*Provided data*:
□ □ □ □
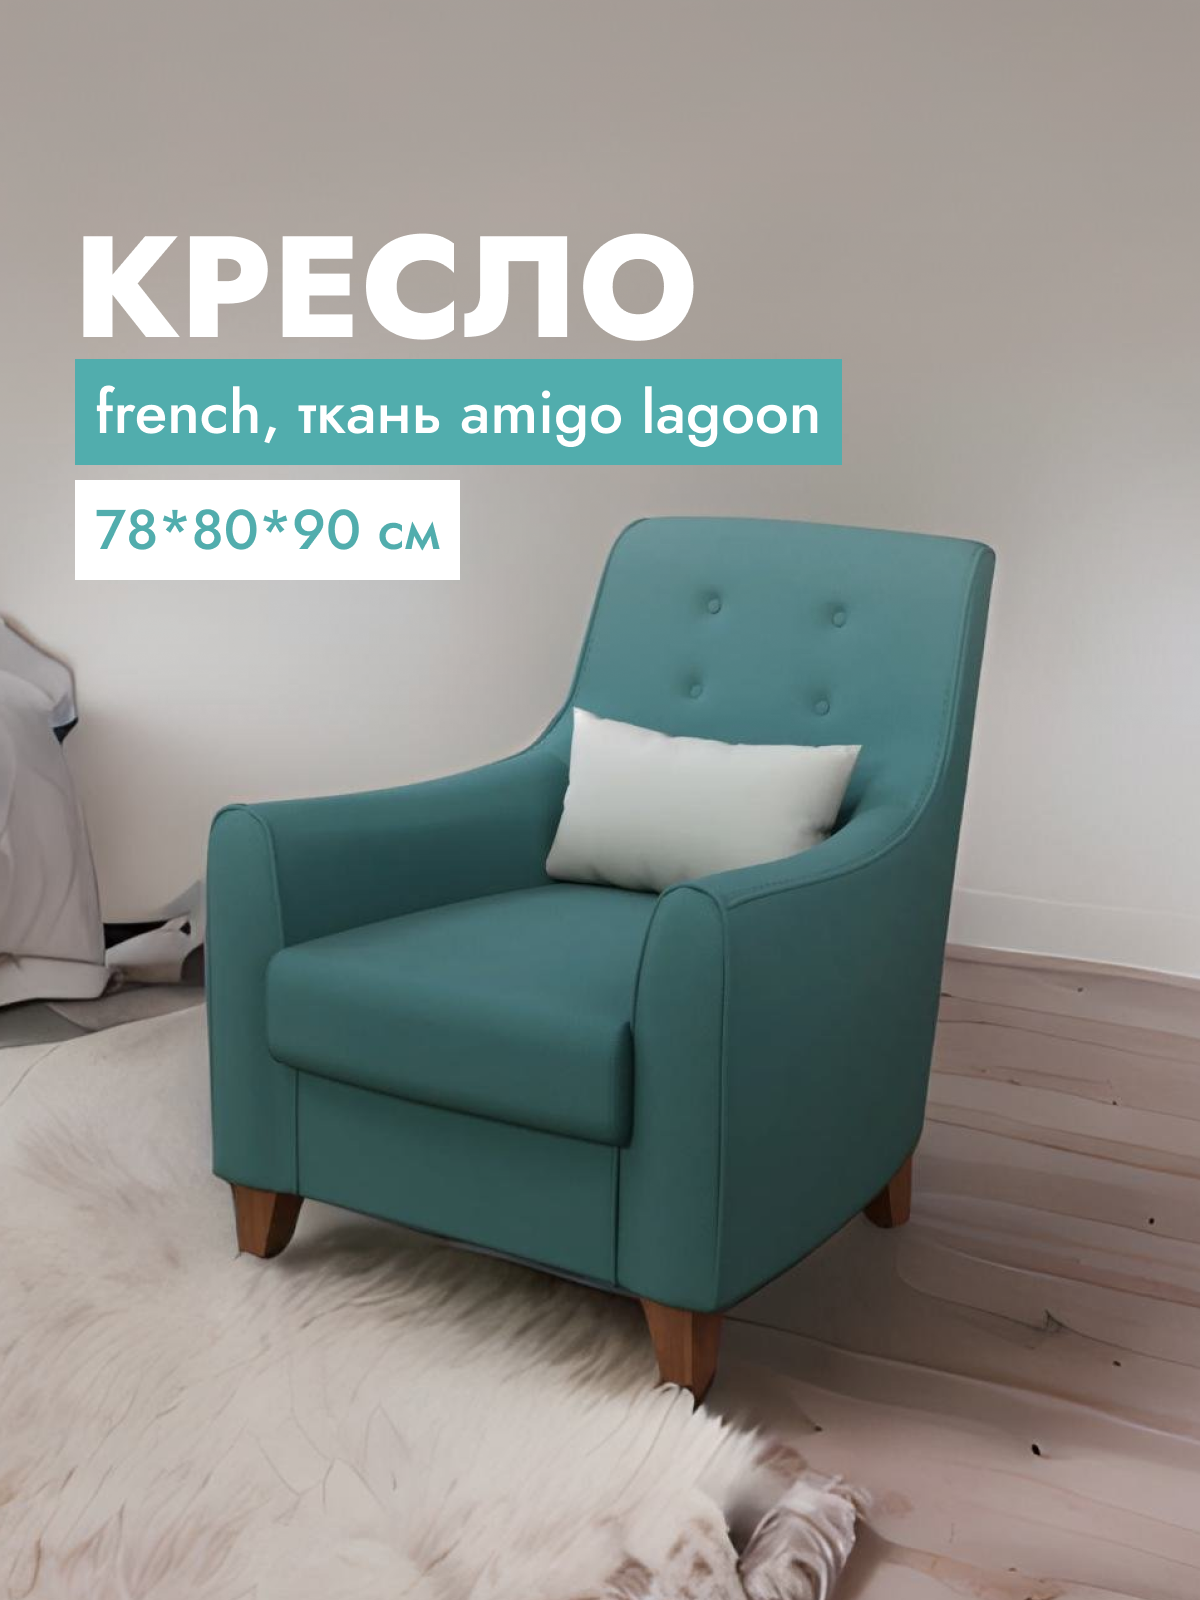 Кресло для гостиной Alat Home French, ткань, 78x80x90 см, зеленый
□ □ □ □
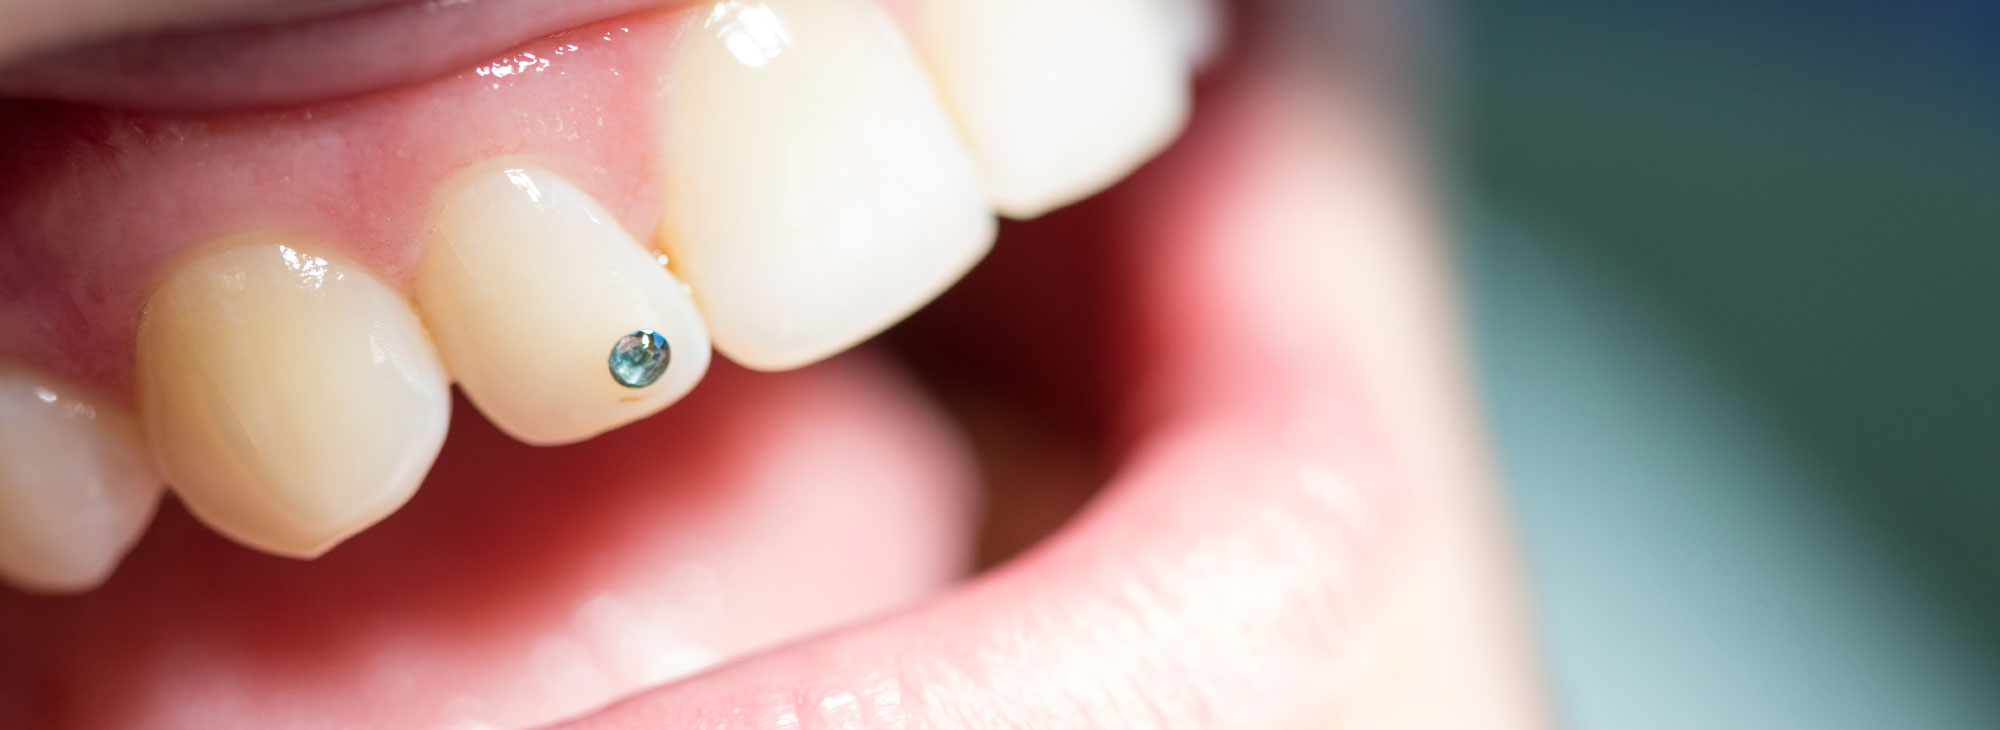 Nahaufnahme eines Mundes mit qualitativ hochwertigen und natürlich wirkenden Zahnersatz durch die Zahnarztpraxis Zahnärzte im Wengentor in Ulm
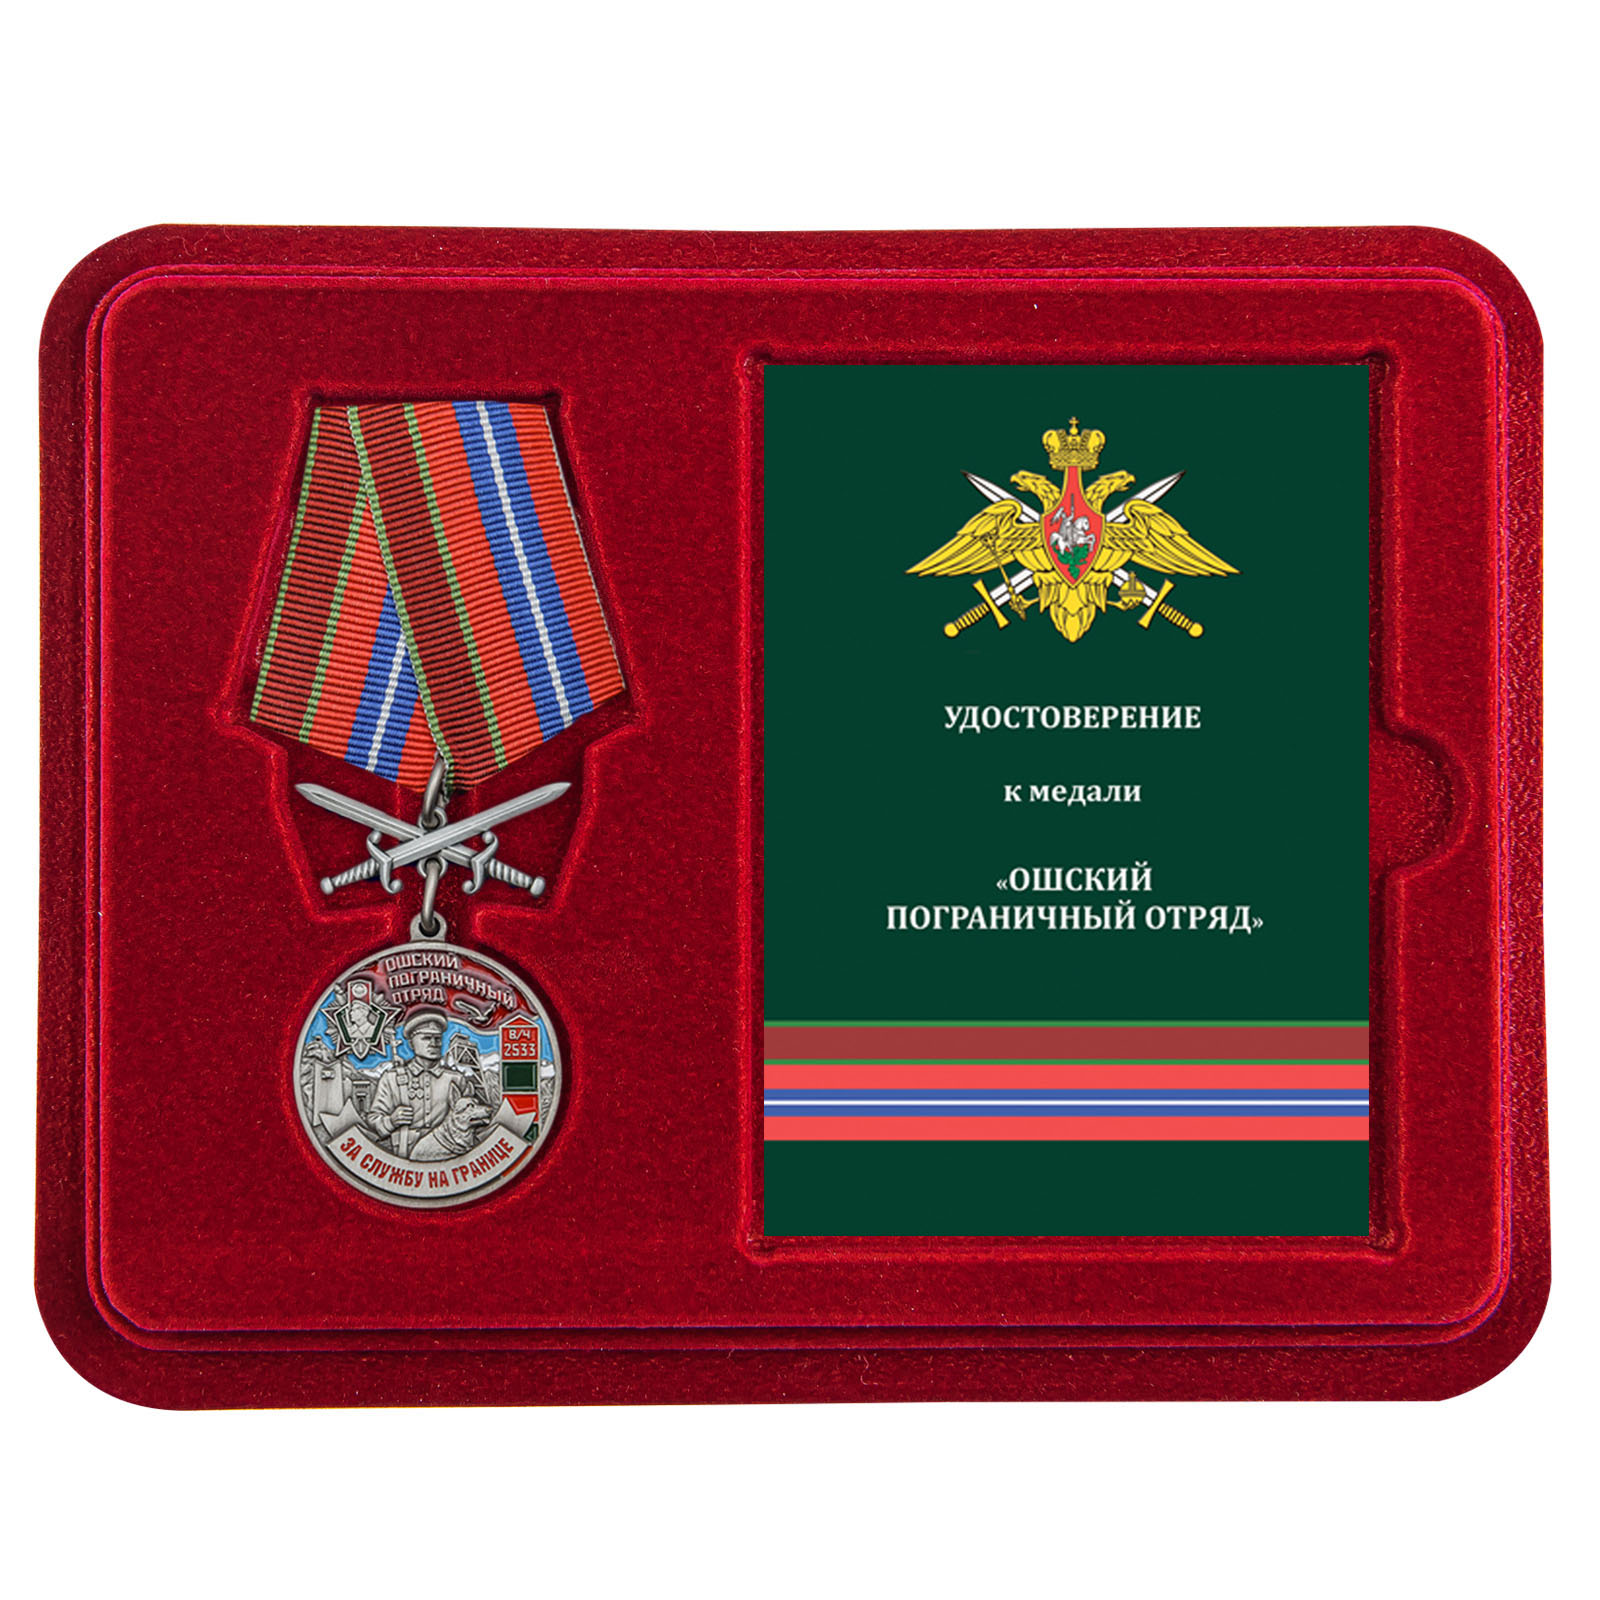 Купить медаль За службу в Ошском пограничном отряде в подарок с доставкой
□ □ □ □
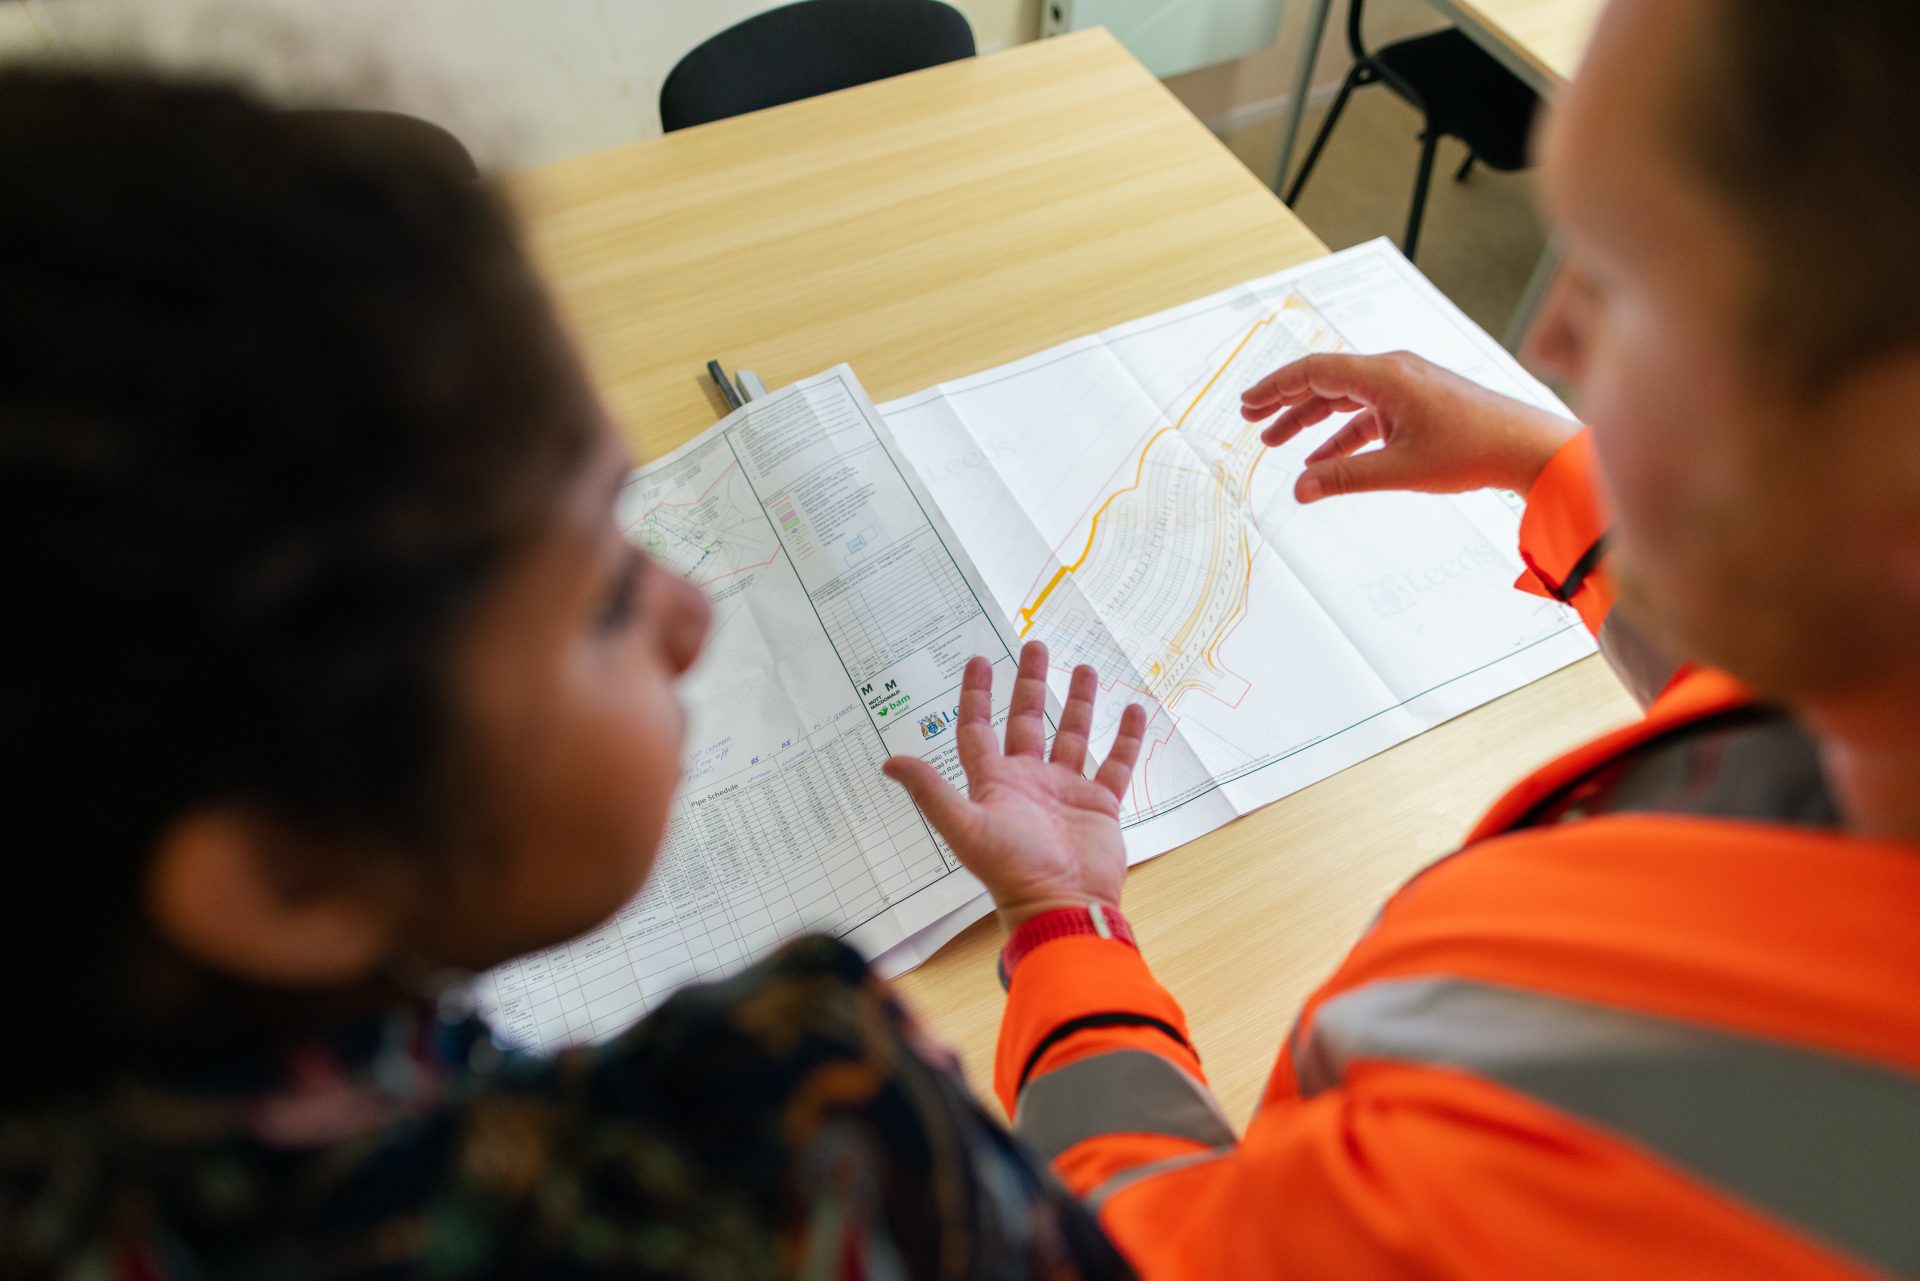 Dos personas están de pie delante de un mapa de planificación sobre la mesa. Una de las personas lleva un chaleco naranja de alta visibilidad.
□ □ □ □
*Task item*:
Output exactly those lines of the data above that run from the line with "Nahaufnahme eines Mundes" up to and including the line with "Купить медаль За". No pictures go in.

*Expected answer*:
 Nahaufnahme eines Mundes mit qualitativ hochwertigen und natürlich wirkenden Zahnersatz durch die Zahnarztpraxis Zahnärzte im Wengentor in Ulm
 Купить медаль За службу в Ошском пограничном отряде в подарок с доставкой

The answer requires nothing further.